Animals, in particular, “help prevent fires, decrease the amount of solar heat absorbed by the Earth’s surface, and contribute a lot to the long-term storage of carbon in soil,” said Yadvinder Malhi, an ecosystem expert at the University of Oxford and lead author of the research. Mammals such as elephants, wildebeests and the like, the organization then notes, “may be helping, not hindering, our carbon storage efforts.”
A successful firefighting effort
Interactions between large animals and climate, the researchers remind, can sometimes be problematic, just like the complex relationship between fauna and soil, we may say. Emblematic in this regard is the case of the surprising balance established millions of years ago between the soil and colossal herbivores of the time, the dinosaurs. A mysterious ecosystem mechanism that continues to challenge scientists’ understanding. Returning to the present day, the research photographs a situation that is surprising in some ways.
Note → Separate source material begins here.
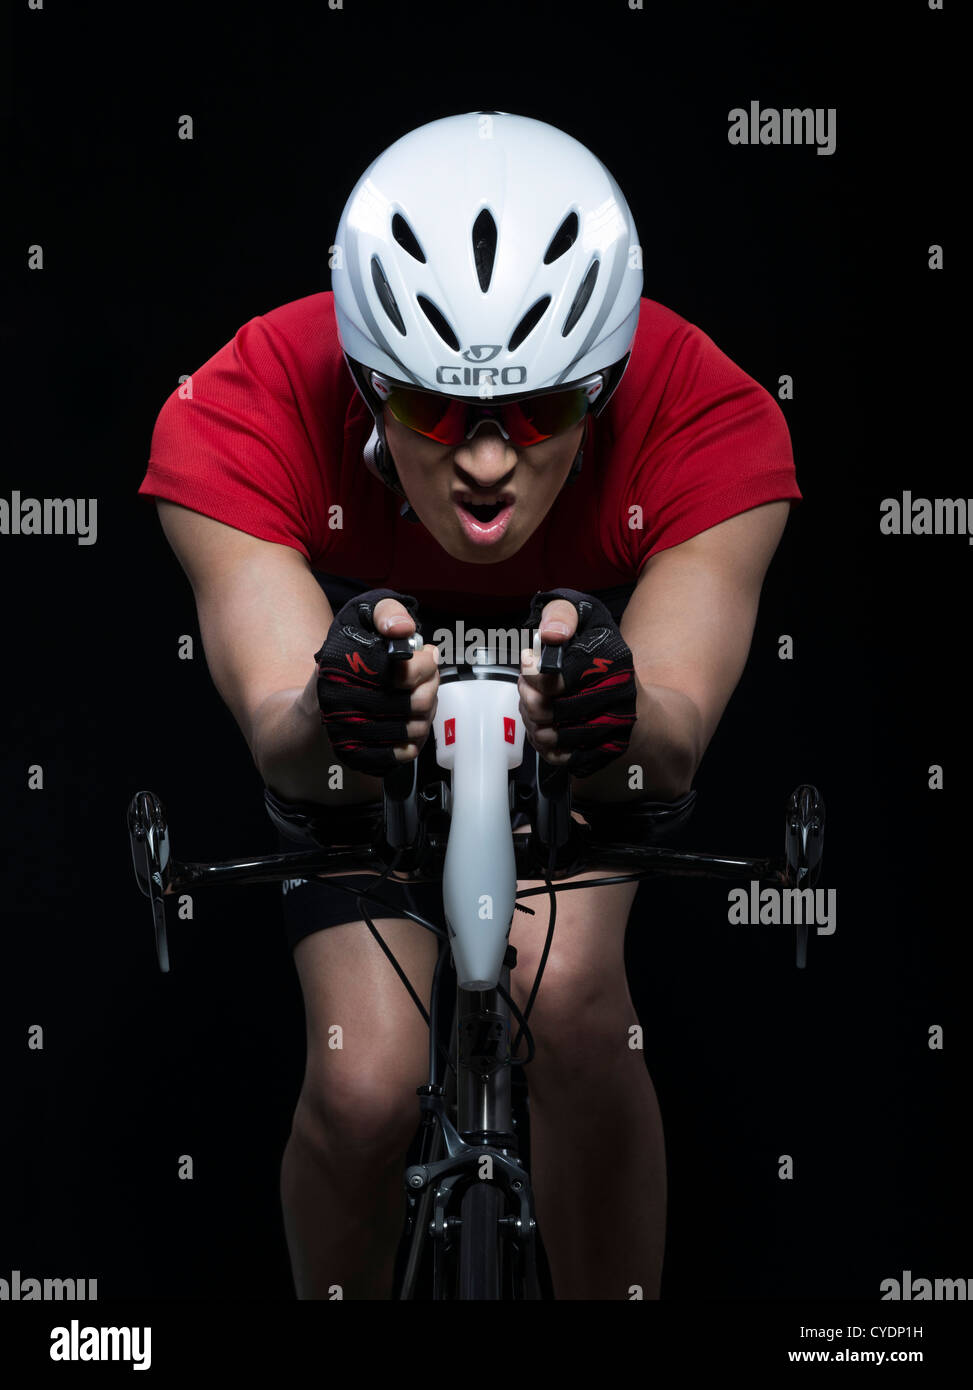 La triathlonienne / time trial racer sur le port du casque de vélo aero Banque D'Images

While seemingly destructive to vegetation, in fact, large herbivores appear to have “the greatest potential to facilitate climate change mitigation at a global scale via three mechanisms.”
Namely, the scientists explain, “changes in the fire regime, expecially in mesic grasslands or warm temperate woodlands.” But also “changes in terrestrial albedo and increases in soil carbon stocks,” particularly in temperate, tropical and subtropical lowland ecosystems.
The virtuous carbon circle
According to the study authors, by eating plant material, herbivores remove potential fuel from fires. At the same time, much of the carbon stored in consumed vegetation is quickly returned to the soil in the form of manure. The decomposition of dung allows the carbon to remain unaltered in the soil even if the flames spread.
In addition, explains Jens-Christian Svenning, a professor at Aarhus University in Denmark, “this carbon may increase the productivity of the soil, allowing many new plants to grow and absorb more CO2.”
Recent research, he says, “also suggests that grazing by wild herbivores may stimulate the release of substances from roots that stabilize soil carbon.” Finally, the same food cycle allows animals that consume plant fruits to return the seeds contained in them to the soil.
Animals are crucial not just in the tropics
The positive effect of the action of herbivores is not only found in areas characterized by a warm climate. In the Arctic, for example, these specimens help control the growth of woody plants, preventing them from spreading northward as temperatures rise.
In their territories, large native or reintroduced grazing animals, such as musk oxen, keep shrubs low, reducing solar energy absorption.
Herbivores, in particular, protect permafrost by compacting snow with their hooves, reducing its insulating effect and increasing the likelihood that soil temperatures will remain below freezing. In this way, the carbon-rich soil material does not decompose releasing the element into the atmosphere.
Conservation of herbivores is the key
In this scenario, conservation plays a crucial role. In the past, scientists note, for example, it is estimated that the extinction of large plant-eating mammals, such as mammoths for example, may have increased the average temperatures recorded in Siberia by 1°C. More recently, Africa has experienced a sharp decline in the presence of large wild animals, whose numbers were reportedly reduced by 59 percent in protected areas between 1970 and 2005.
Malhi and Svenning, Mongabay reminds us, argue that protecting herbivores and other wildlife will be critical to keeping ecosystems healthy. Doing so will simultaneously counter the twin crises of biodiversity and climate. “With just a few percent of the budget currently available for climate mitigation and adaptation, we could expand existing conservation efforts,” Malhi explains. “And also restore large animals where they have disappeared.”